Old Double Barrel Flintlock

Discussion in 'Curio & Relics Forum' started by wingspar, Apr 30, 2010.

  1. whirley

    whirley Member

    Jan 27, 2008
    I'd hang it on the wall and just enjoy the memories of my father fixing it up. However, if you want a double barreled flintlock shooter, I've seen several brand new ones at annual muzzle loader meets in Indiana. However if you just want to get cash for it, any good quaality auction house will be willing to handle it for a fee. I've seen several antique flintlock rifles made by recognized Pa. gunsmiths around 1790-1820 and most sold for around $1000
    However like anything else, if two people are determined to own an item, things can get pricey in a hurry.
  2. wingspar

    wingspar Member

    Sep 19, 2009
    To be honest, there is no, that is Zero sentimental value of this gun to me. I have no desire to keep it, and no desire to hang it on my wall. It will stay wrapped up in my closet till I find out what I might be worth. I live remotely, so going to an auction house isn’t an option.

    I do have a couple of guns from my father that do have sentimental value, and I will never sell either one of them. They are both shooters. This flintlock isn’t one of them, and I would love to sell it, but, need to know the value before I try to sell it.

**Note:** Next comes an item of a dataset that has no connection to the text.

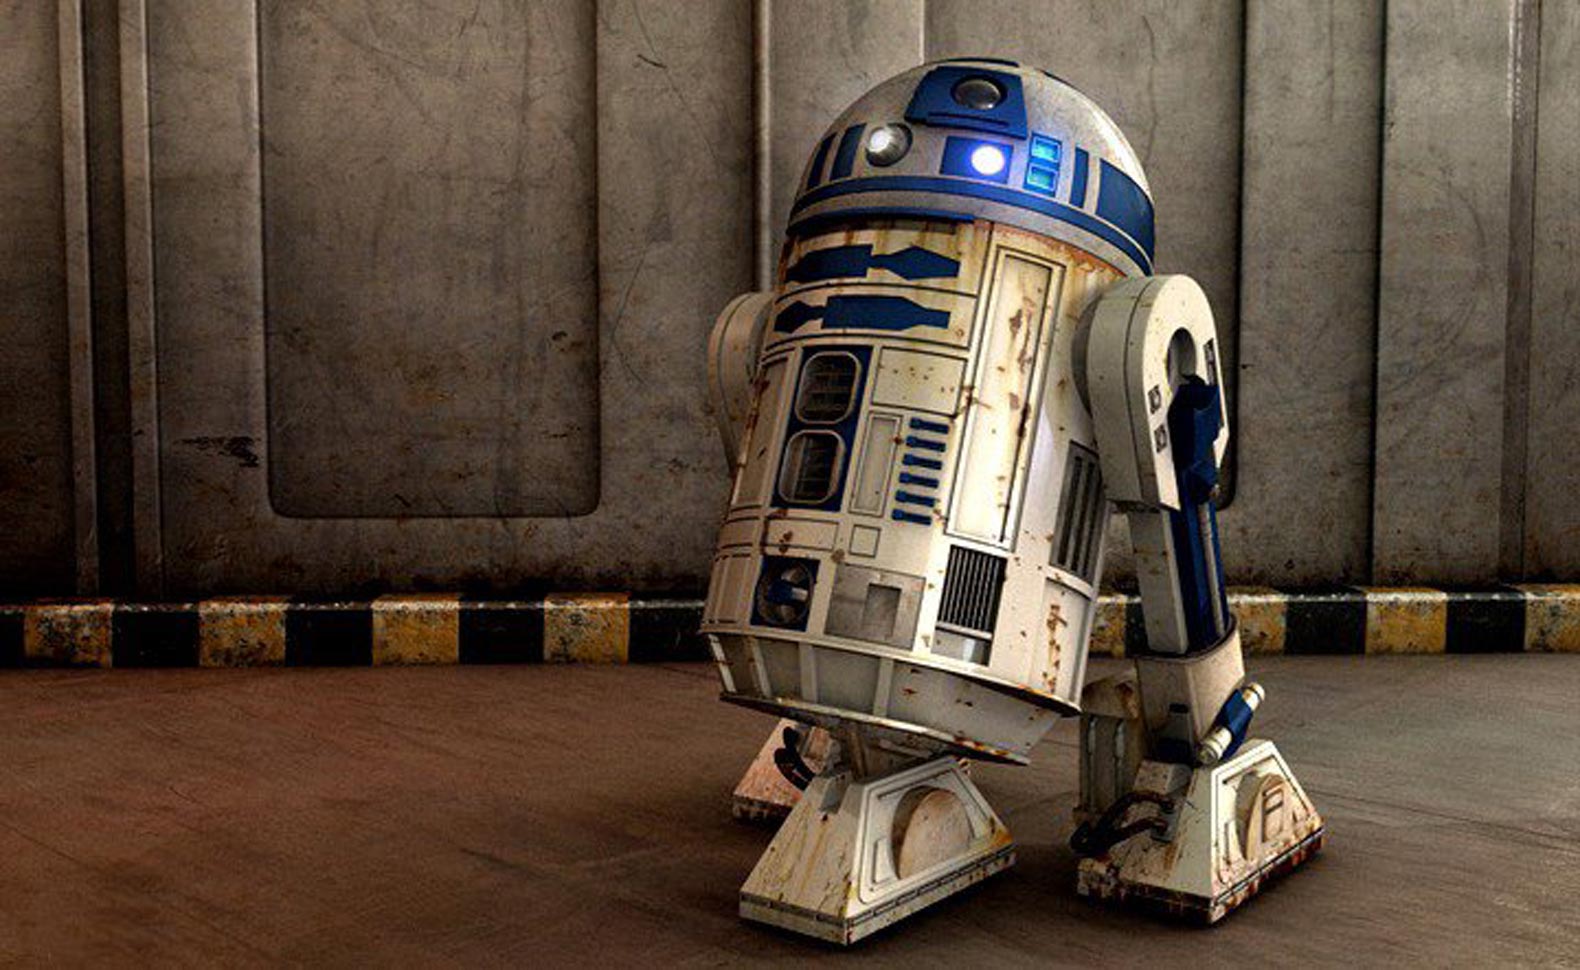 O Nome R2 D2 Significa Reel Dialog

It’s been in my closet since 1988. I’ve only taken it out to take the photos.

  3. johnlives4christ

    johnlives4christ Former Guest

    Apr 28, 2008
    wingspar, if you felt it in your heart to give me that shotgun i would have it brought back to firing condition and shoot are of clays with it. it would have sentimental value to me :)
  4. Jim K

    Jim K New Member

    Dec 6, 2009
    Hi, Big Shrek,

    I don't know what you do for a living, but if you can duplicate work like that, you can make a darned good living at it and have work for the rest of your life.

  5. Buffalochip

    Buffalochip Well-Known Member

    Oct 22, 2008
    The wood on this gun is repairable; missing pieces can be filled with old wood of similar grain and color and then carefully stained to match the original wood (NOT plastic wood). The idea is not to make the repairs invisible, but to make them blend in nicely without destroying the original patina of the wood. It would be a shame to try and replace the stock--it would ruin the gun in my opinion. I believe the value, it its present condition would be in the $800 range.
  6. wingspar

    wingspar Member

    Sep 19, 2009
    Thanks for the info. It’s obviously a very rare gun, and I was hoping it would be worth a lot more than $800, but maybe I’m expecting too much.

    I took it to a gun show about 19 years ago, and tried to find an appraiser. The only one I found was from out of state, wouldn’t give me the time of day, said to ship it to him, he would appraise for about $500, and ship back at my cost. Didn’t seem interested in me or my possible business at all. Obviously, I passed on that. Wish I lived near Pawn Stars.